Welcome back to the show. In today’s installment of The Daily Reckoning, we look at whether markets are poised on the verge of a large crash. A spirited debate in our Melbourne headquarters last week clarified the positions of some of our analysts. But what took everyone’s breath away was the price action in Japan.
You know a system is unstable when it becomes increasingly volatile. In that sense, stock indices are like drunken supporters at the footy. One second they’re out of their seats whooping with beer spilling joy. A few moments later, they’re cursing a blue streak that would strip the chrome off a bumper.
Take the chart below. Japan’s Nikkei fell 12.2% in intra-day trading last week, from a Thursday high of 15927 to a Friday low of 13981. A 2000 point swing is remarkable. On Friday alone the intra-day swing was over 1000 points. Is that the kind of move that suggests that the market has cracked and Japan’s QE rally is over? Has the monetary doping cycle ended in a bust?

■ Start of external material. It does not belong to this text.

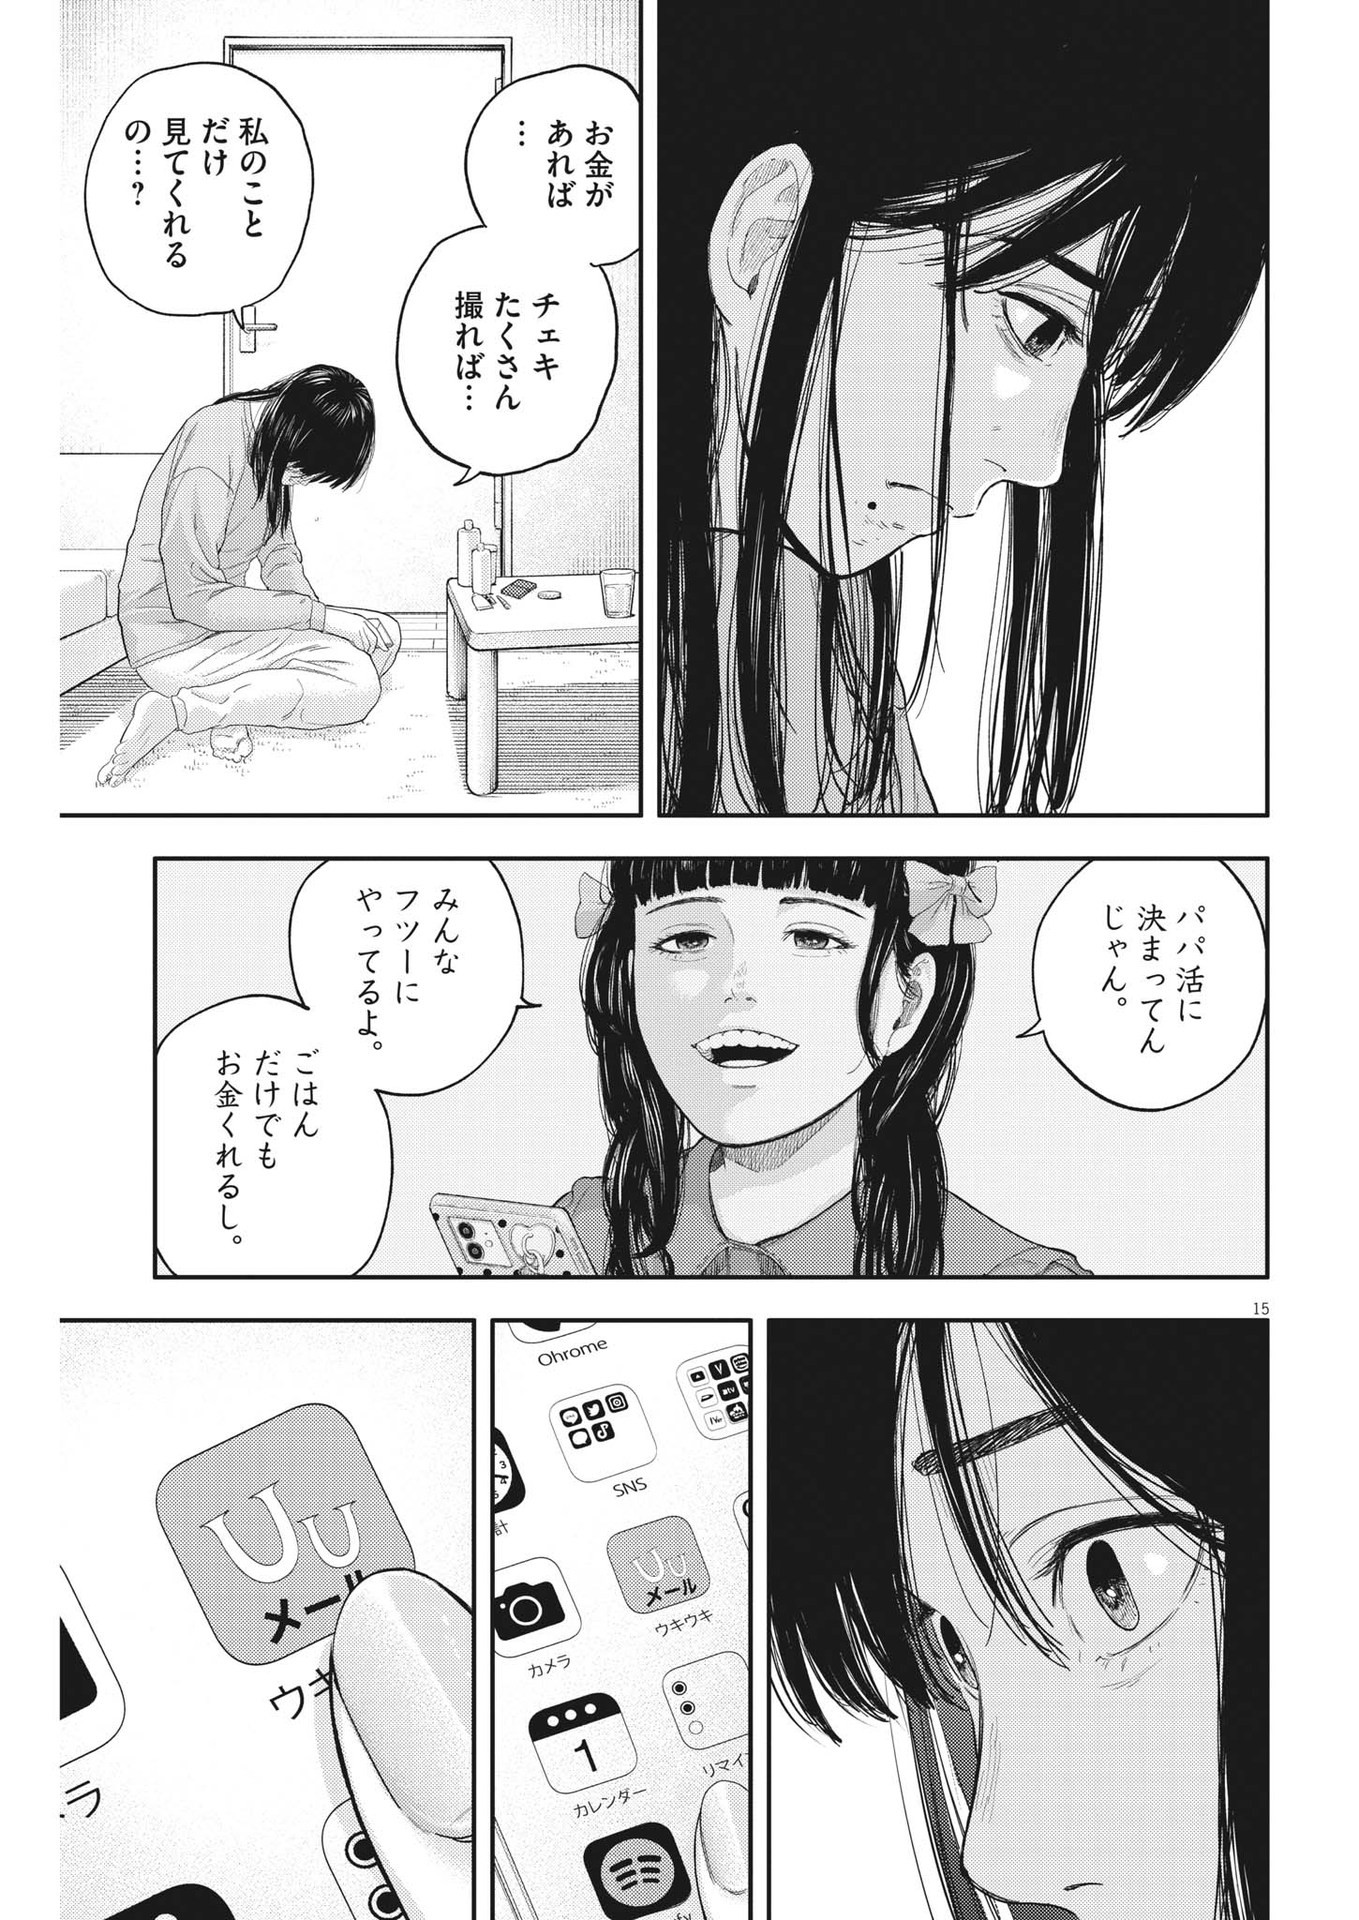 Yumenashi-sensei no Shinroshidou - Chapter 10 - Page 15

Well, your editor will admit to being remarkably complacent about Japan’s mini-crash. The Nikkei is still up over 60% in the last twelve months. Most of that move has come since November. Last week’s move — coming after bearish data on Chinese manufacturing — could simply have been traders taking profits, especially traders who were leveraging the move in Japanese stocks with cheap Yen.

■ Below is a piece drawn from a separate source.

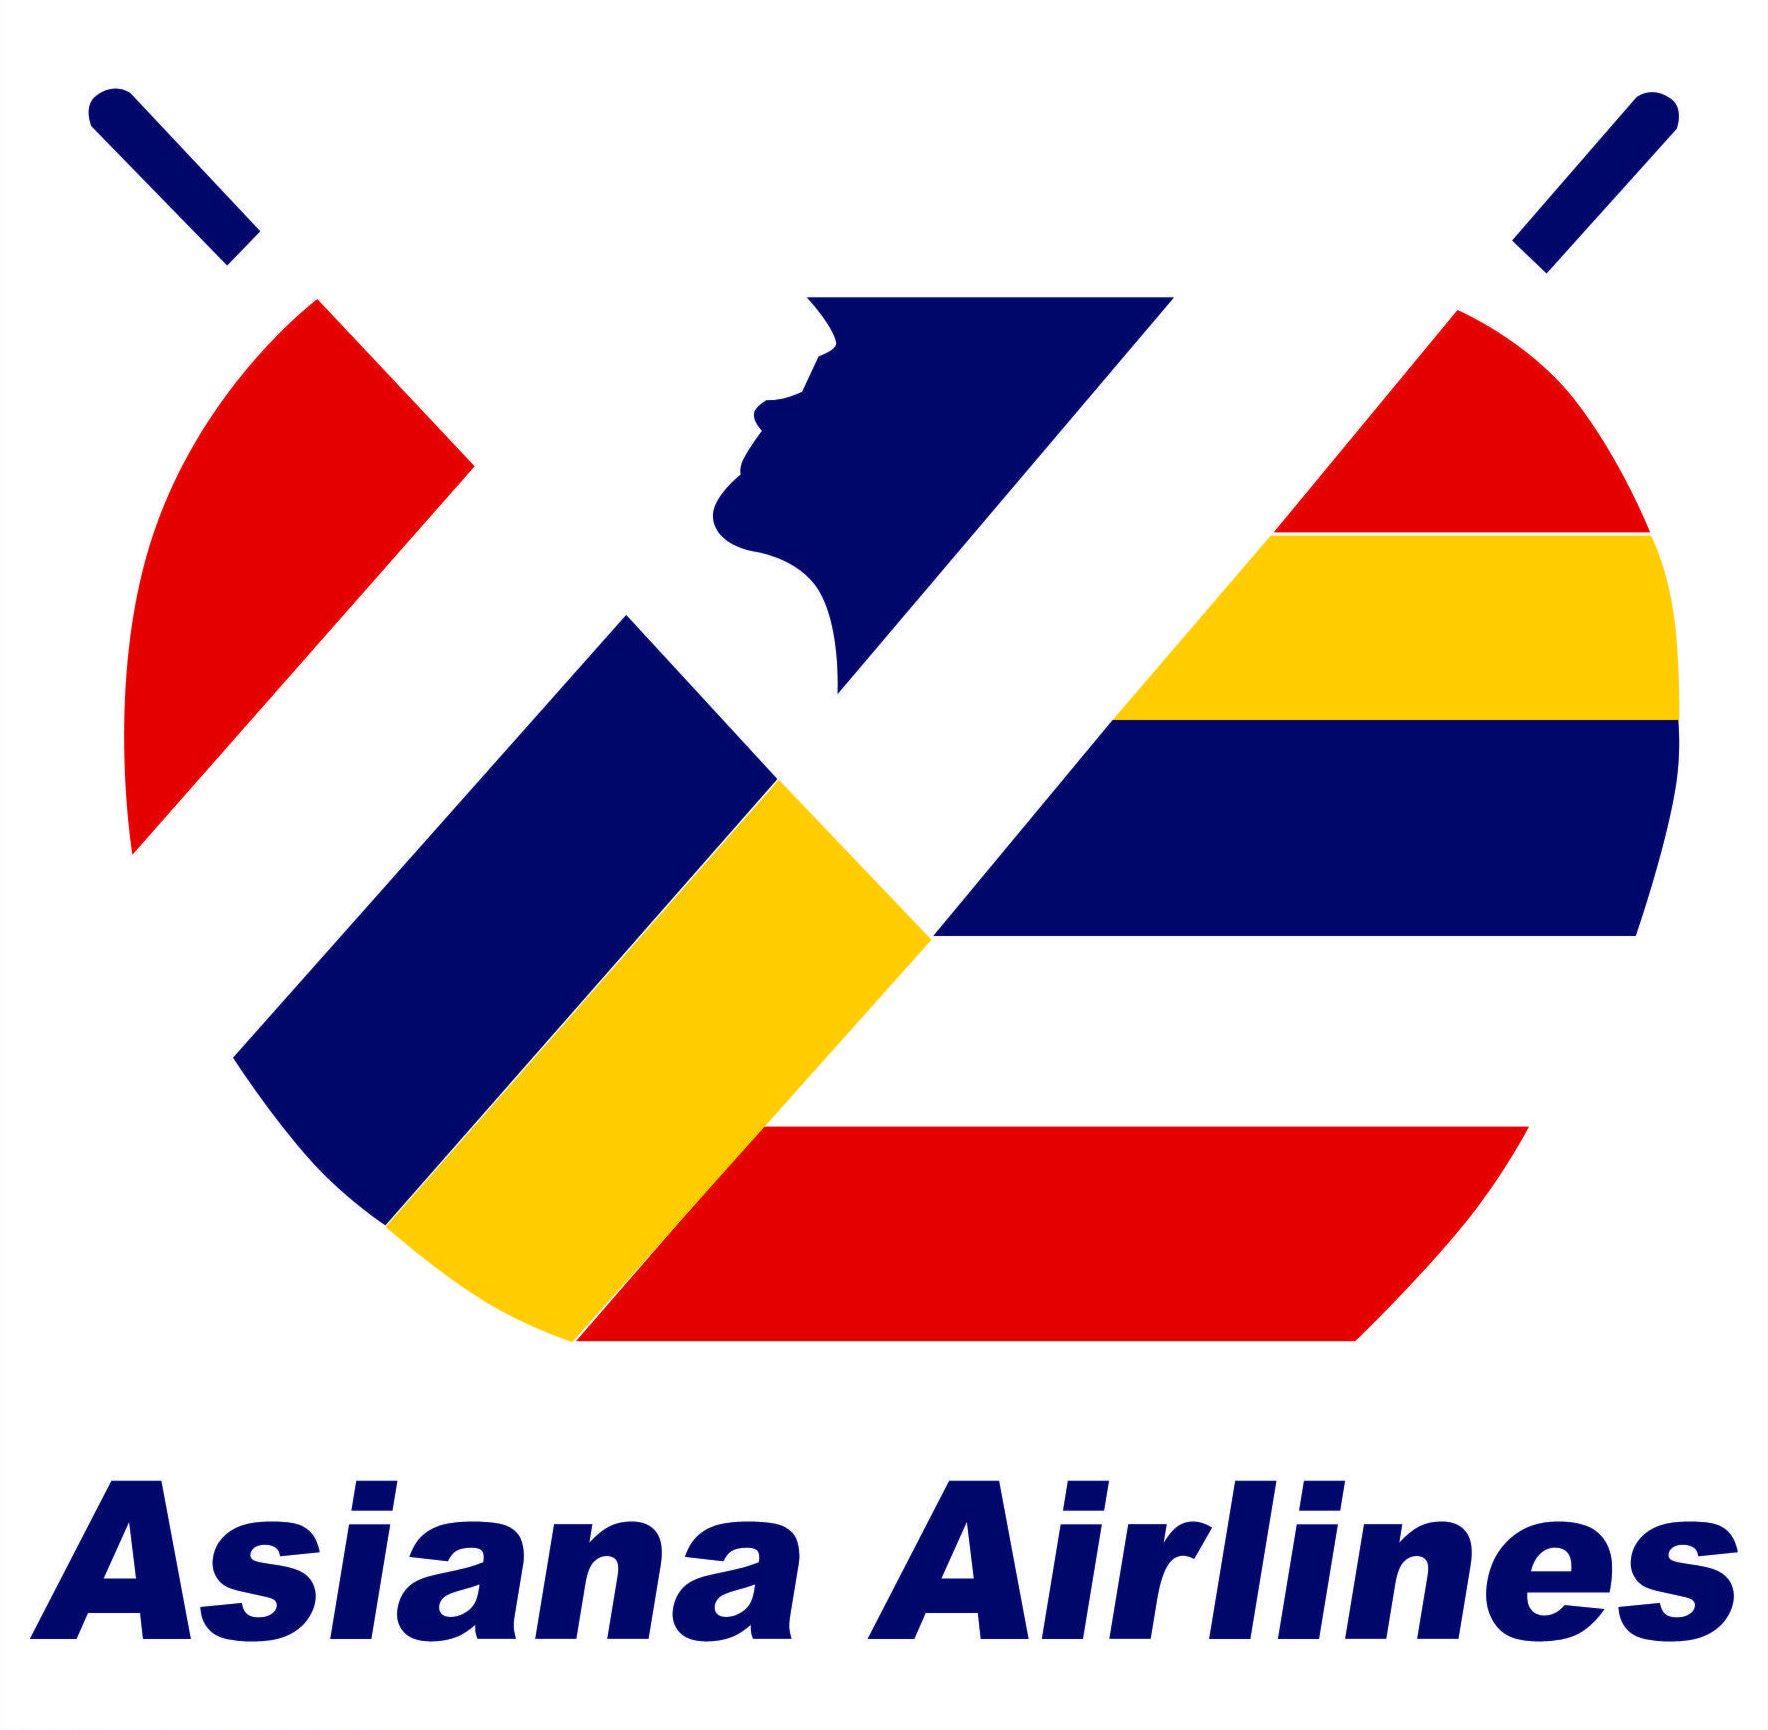 South Korean Company Logo - Asiana Airlines logos

This was Murray’s view, that a rising Yen would force speculators to sell positions and cause an even bigger move. Murray reckons the technical set-up is perfect for a correspondingly big move down in Aussie stocks, as well as the S&P, the FTSE, and the German Dax. He’s advised a short position on the index, with specific target levels.
But surprisingly, the Slipstream Trader was the only one sounding the alarm. He’s out with the flu this morning. He’d be pleased, though, that the Nikkei has opened down another 3.5%. It could be a grim day. (US markets are closed Monday for Memorial Day).